I recently committed to raising the profile of the American Foundation for Suicide Prevention, a 501 (c)(3) organisation in New York. Their mission includes several things, not least helping to lessen suffering of families bearing the horrible burden of such an act, and educating people about mental illness to de-stigmatise depression.
A friend wrote me a few minutes ago about a recent suicide in her community. She stated ‘The whole family is devastated. I can not begin to process their grief. I cry every day. I can't imagine how my friend is putting one foot in front of the other. I'm having a good cry right now.’ It’s an all-too-sad experience from which no one even distantly involved escapes without scars.
Writing a column on suicide won’t do much to convince an isolated, despondent veteran, or a lonely thirty-something, or a bullied teen that life is still worth it. Depression is a devastating, tricky, pernicious, and overwhelming mental challenge that makes every single thing the person has to do in her or his life seem too much; a few words on a screen won’t cure that.
But we can more openly recognise the pervasiveness of depression and of mental illnesses. We are currently having extremely public conversations about women’s health care, in-vitro fertilisation, abortion, gender identity, and so many other human characteristics and concerns in America. We have the power as a society to address the importance of mental health as well. We owe it to our society to do so, regardless of our religious commitments, our backgrounds, our gender, or our jobs. It’s what the ‘golden rule’ dictates, regardless of its origins in one’s life. ‘Do unto others as you would have them do unto you’.
Those demoralised by depression are not merely lazy people who should ‘get over it’; they confront debilitating feelings as they do everything in their days. They deserve the same care and support that we give to any other person suffering from a severe illness or disease. Mental health is a medical condition rather than a chosen route in life. We must recognise that untreated mental illness saps our economy as much as so many other concerns, undermining our ability to reach full capacity much less full satisfaction as citizens. That matters to all of us.
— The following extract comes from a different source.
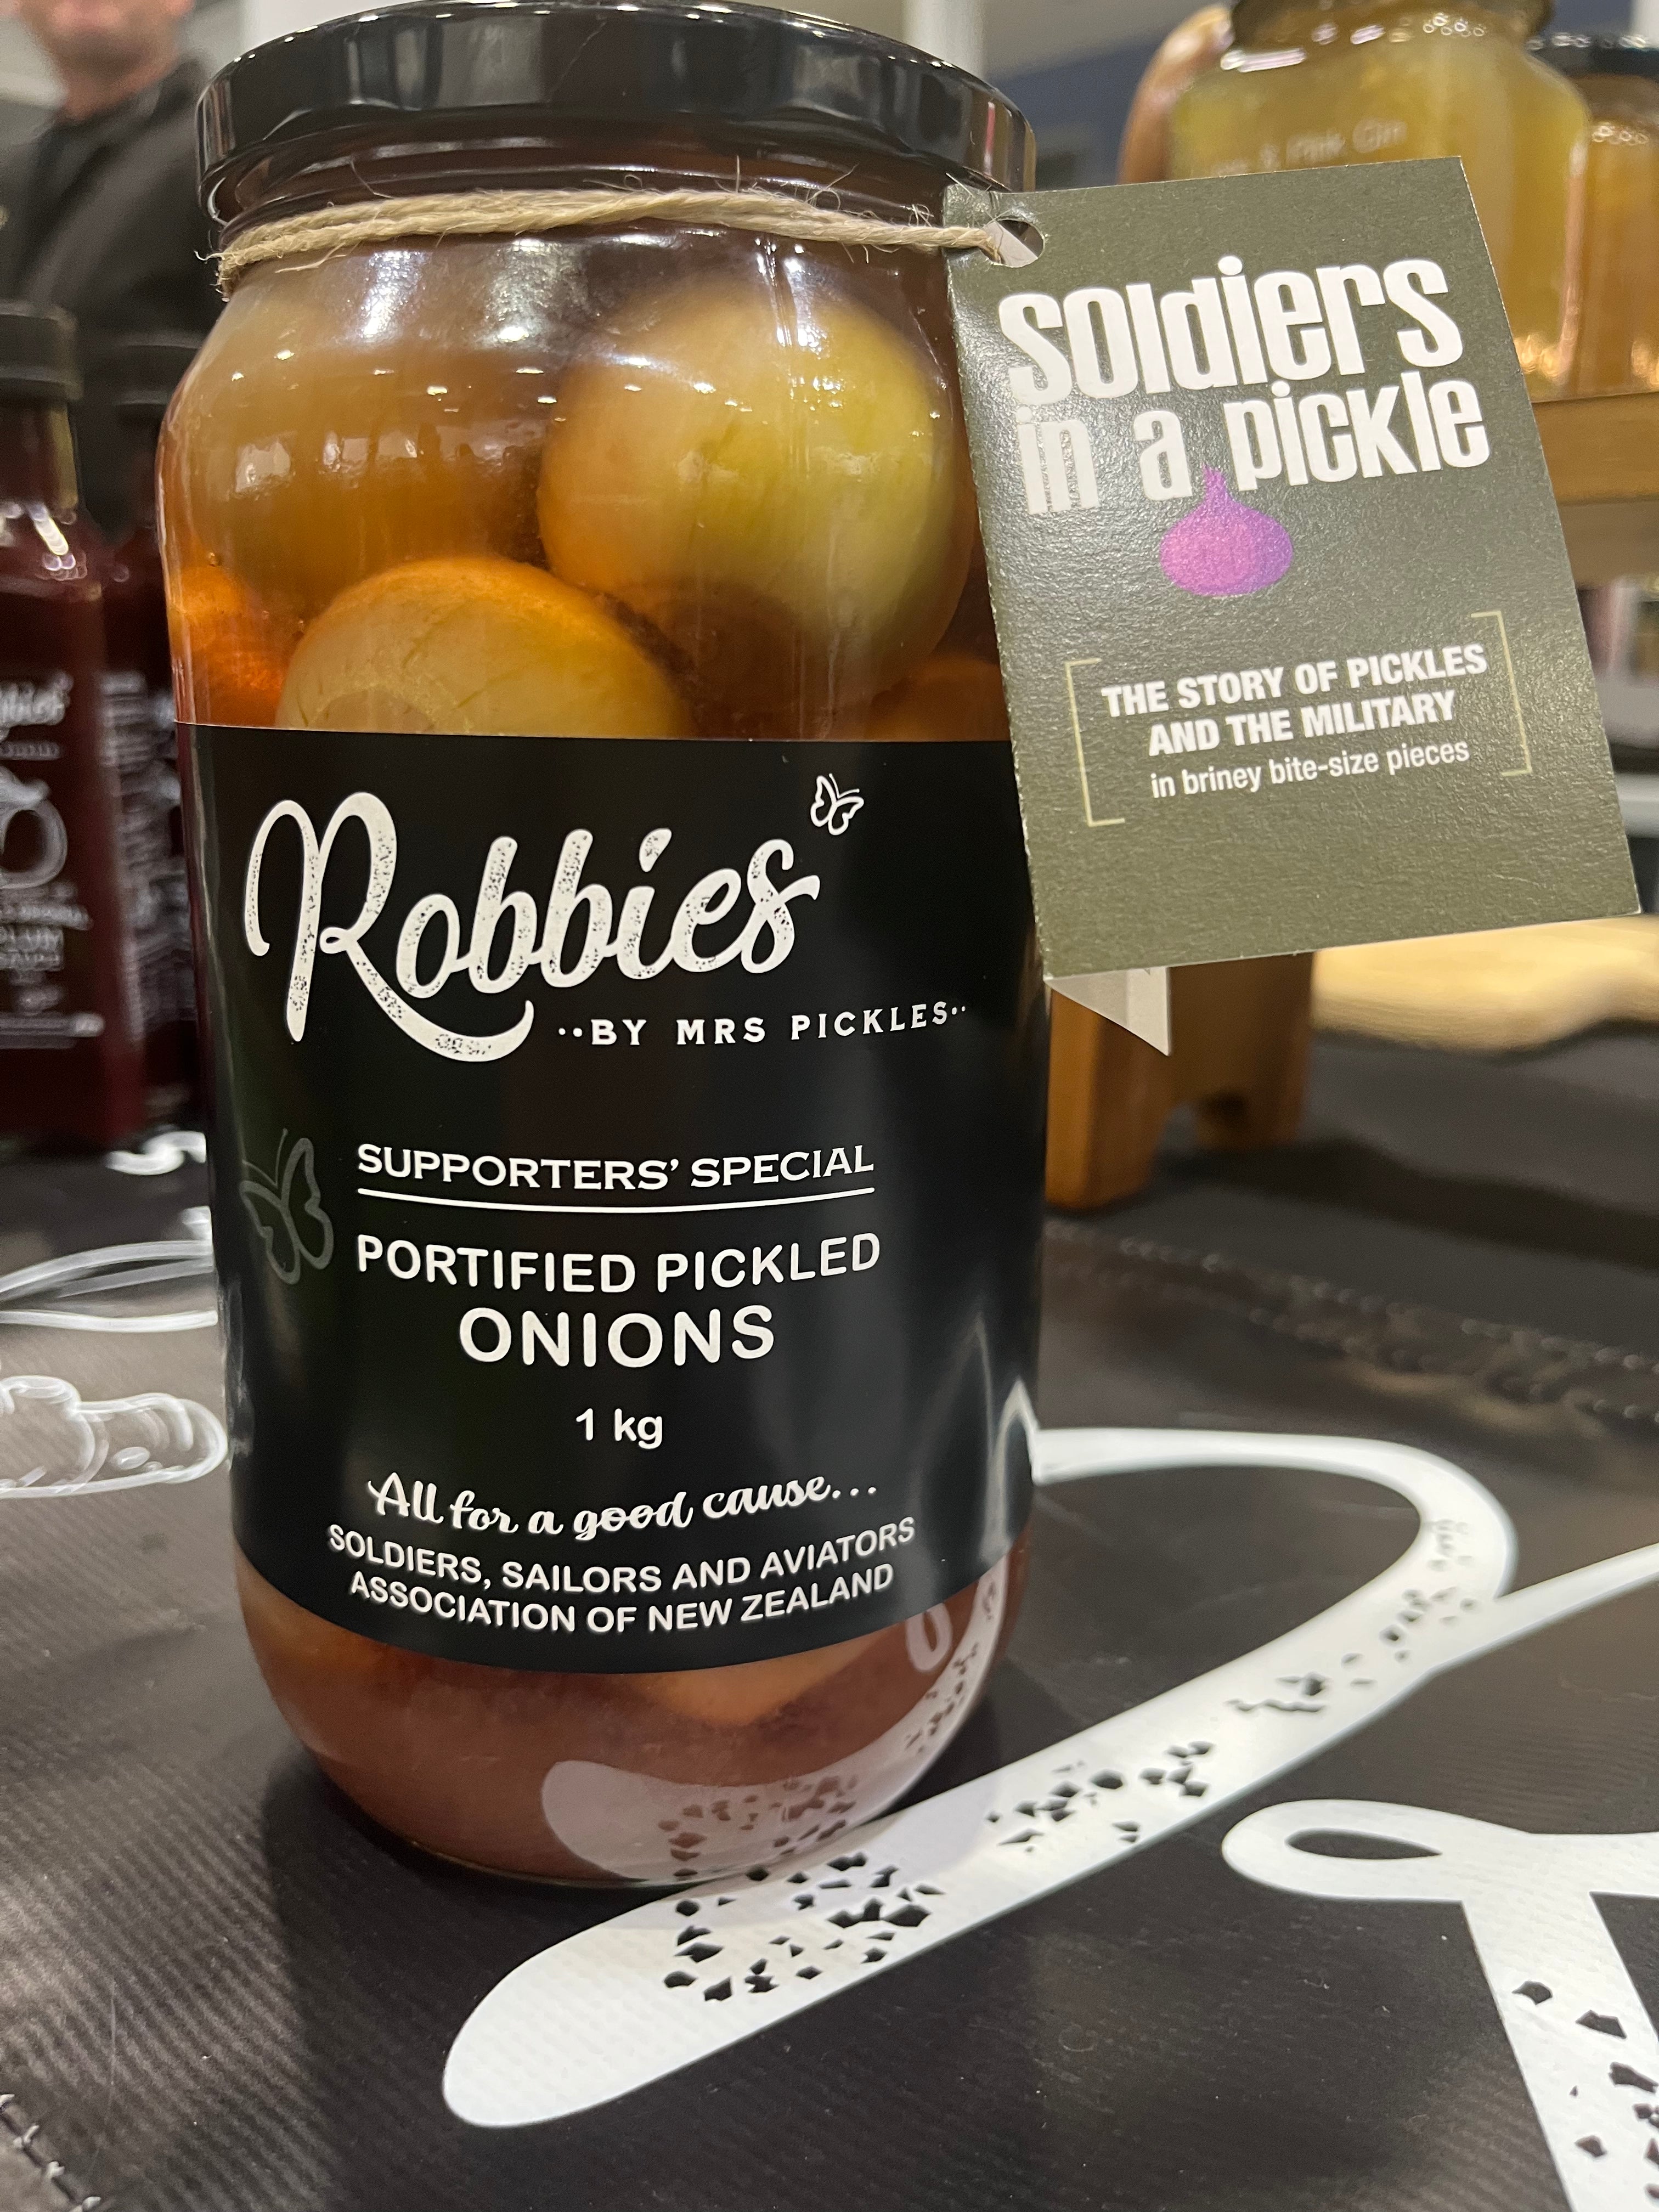 NEW: Portified Pickled Onion 1 kg *Supporters Special* All for a good cause

Suicide is a final act by thousands of desperate people seeking release from the crushing burden they carry. Someone depressed can’t grasp the pain it inflicts on others who see how it snuffs out too many lives. Nor can someone afflicted recognise the systemic affect on her or his extended community. As my friend above illustrates, the resulting deep pain extends well beyond family to a far broader community. Organisations like the American Foundation Suicide Prevention offer education for all of us about the challenges we confront as a society.
Additionally, these vital groups offer lifelines of hope for those in need, be they the depressed or those left so bereft by a loss. Hotlines are truly vital for people at the lowest points in their lives.
Each and every one of us can make a difference by reaching out to others when we know they are isolated and depressed. Yes, there is a fine line between being a caring outsider and a mental health professional; I do not dispute that important distinction. If you see someone sinking without professional help, do what you can to encourage the individual to seek help but I fully admit there are limits to what any of us can do. Gentle kindness is a first step, however.
But each of us has the ability to address mental illness with forthright compassion. That simple act might save a life as much as picking up the phone for someone in need.
Thank you for considering this topic today. It’s a painful one.